In the listing below, find the line with "A large bowl" and the line with "Close Up Of". Repeat those two lines and all lines between them exactly.

EXERCISE INPUTS section start

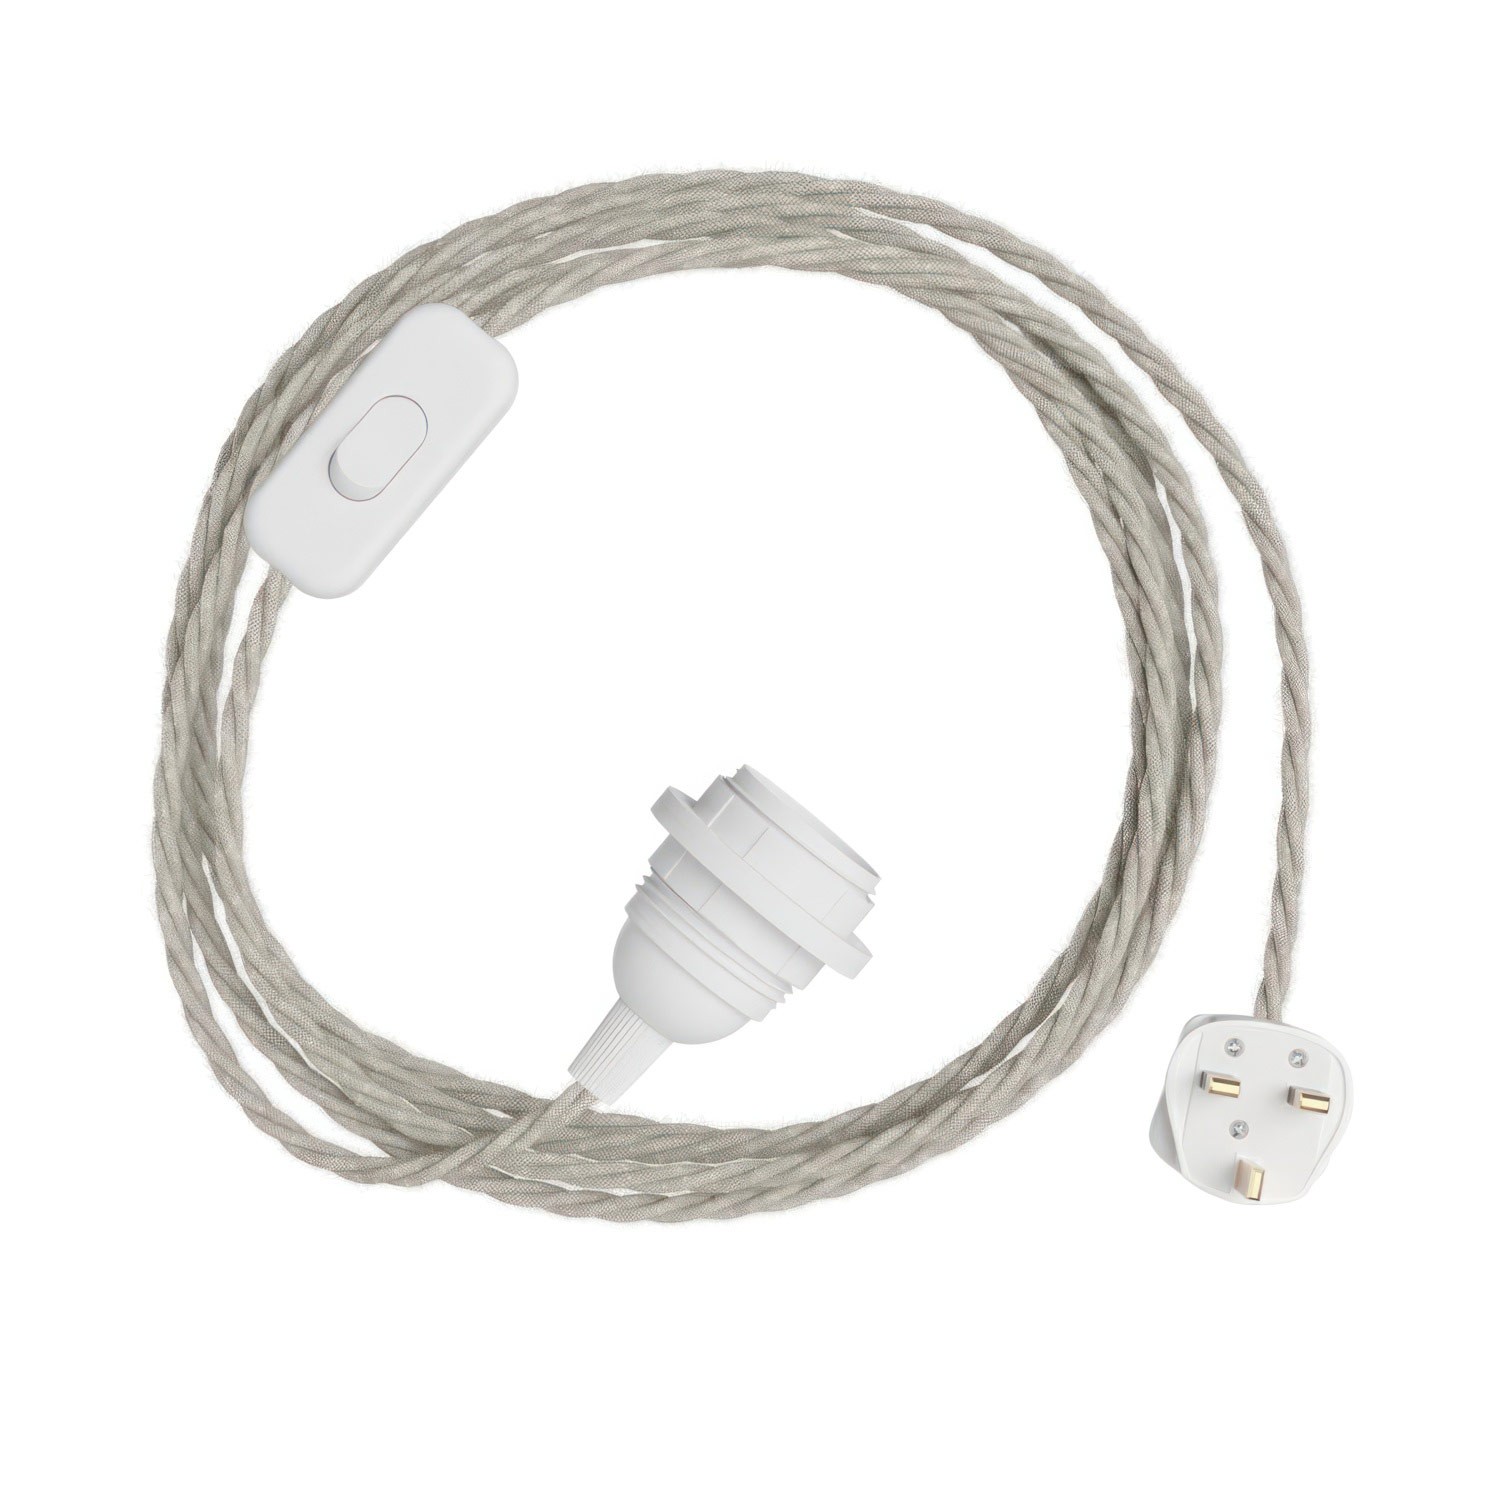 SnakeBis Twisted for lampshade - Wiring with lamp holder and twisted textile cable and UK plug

EXERCISE INPUTS section end
EXERCISE INPUTS section start

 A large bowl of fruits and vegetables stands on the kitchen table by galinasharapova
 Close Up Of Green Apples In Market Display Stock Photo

EXERCISE INPUTS section end
EXERCISE INPUTS section start

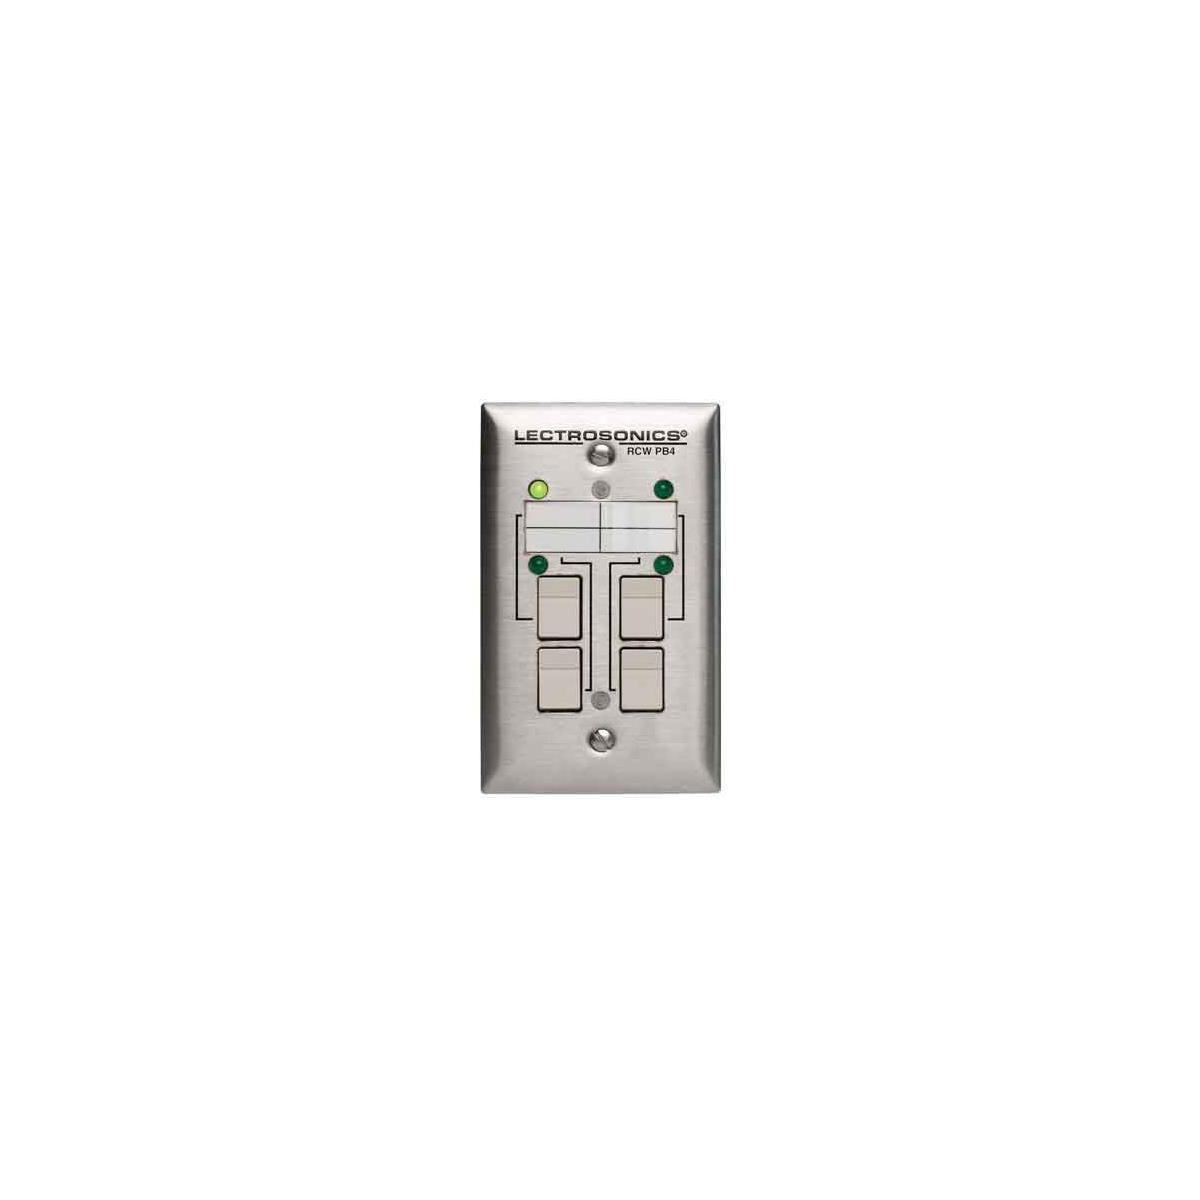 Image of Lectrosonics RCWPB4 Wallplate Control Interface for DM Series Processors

EXERCISE INPUTS section end

● EXERCISE SOLUTION
 A large bowl of fruits and vegetables stands on the kitchen table by galinasharapova
 Close Up Of Green Apples In Market Display Stock Photo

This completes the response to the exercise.